Data for IFT is usually a collection of human-written instructions and instances of instructions bootstrapped using a language model. For bootstrapping, the LM is prompted in a few-shot setting with examples and instructed to generate new instructions, inputs, and outputs. In each round, the model is prompted with samples chosen from both human-written and model generated. The amount of human and model contributions to creating the dataset is a spectrum.

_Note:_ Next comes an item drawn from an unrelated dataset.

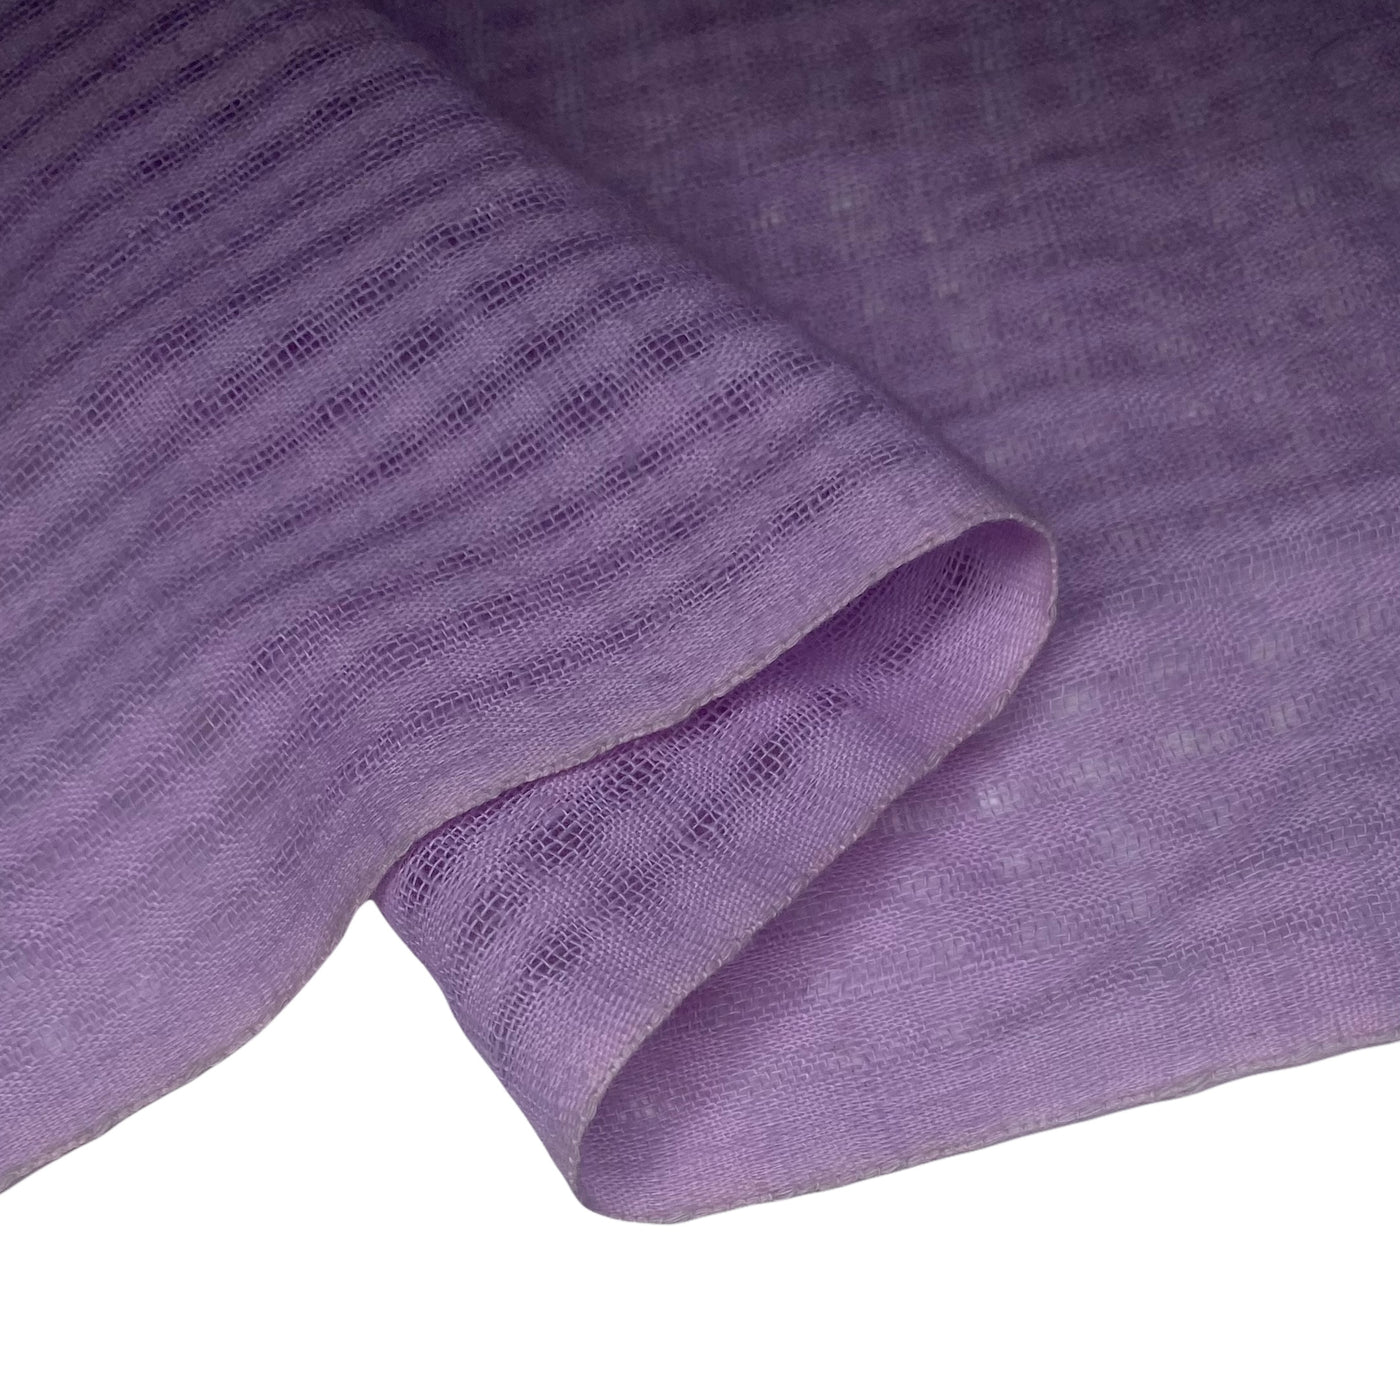 Plaid Cotton Gauze - 44” - Purple

On one end is the purely model-generated IFT dataset such as Unnatural Instructions (Honovich et al., ‘22) and on the other is a large community effort of hand-crafted instructions as in Super-natural instructions (Wang et al., ‘22). In between these two are works on using a small set of high quality seed dataset followed by bootstrapping such as Self-instruct (Wang et al., 22). Yet another way of collating a dataset for IFT is to take the existing high-quality crowdsourced NLP datasets on various tasks (including prompting) and cast those as instructions using a unified schema or diverse templates. This line of work includes the T0 (Sanh et al., ‘22), Natural instructions dataset (Mishra et al., ‘22), the FLAN LM (Wei et al., ‘22), and the OPT-IML (Iyer et al.,’22).
Safely following instructions
Instruction fine-tuned LMs, however, may not always generate responses that are helpful and safe. Examples of this kind of behavior include being evasive by always giving a unhelpful response such as “I’m sorry, I don’t understand. ” or generating an unsafe response to user inputs on a sensitive topic. To alleviate such behavior, model developers use Supervised Fine-tuning (SFT), fine-tuning the base language model on high-quality human annotated data for helpfulness and harmlessness.
SFT and IFT are very closely linked. Instruction tuning can be seen as a subset of supervised fine-tuning. In the recent literature, the SFT phase has often been utilized for safety topics, rather than instruction-specific topics, which is done after IFT. In the future, this taxonomy and delineation should mature into clearer use-cases and methodology.
Google’s LaMDA is also fine-tuned on a dialog dataset with safety annotations based on a set of rules. These rules are usually pre-defined and developed by modifying prompts that may elicit unsafe responses, then tuning the model to avoid them.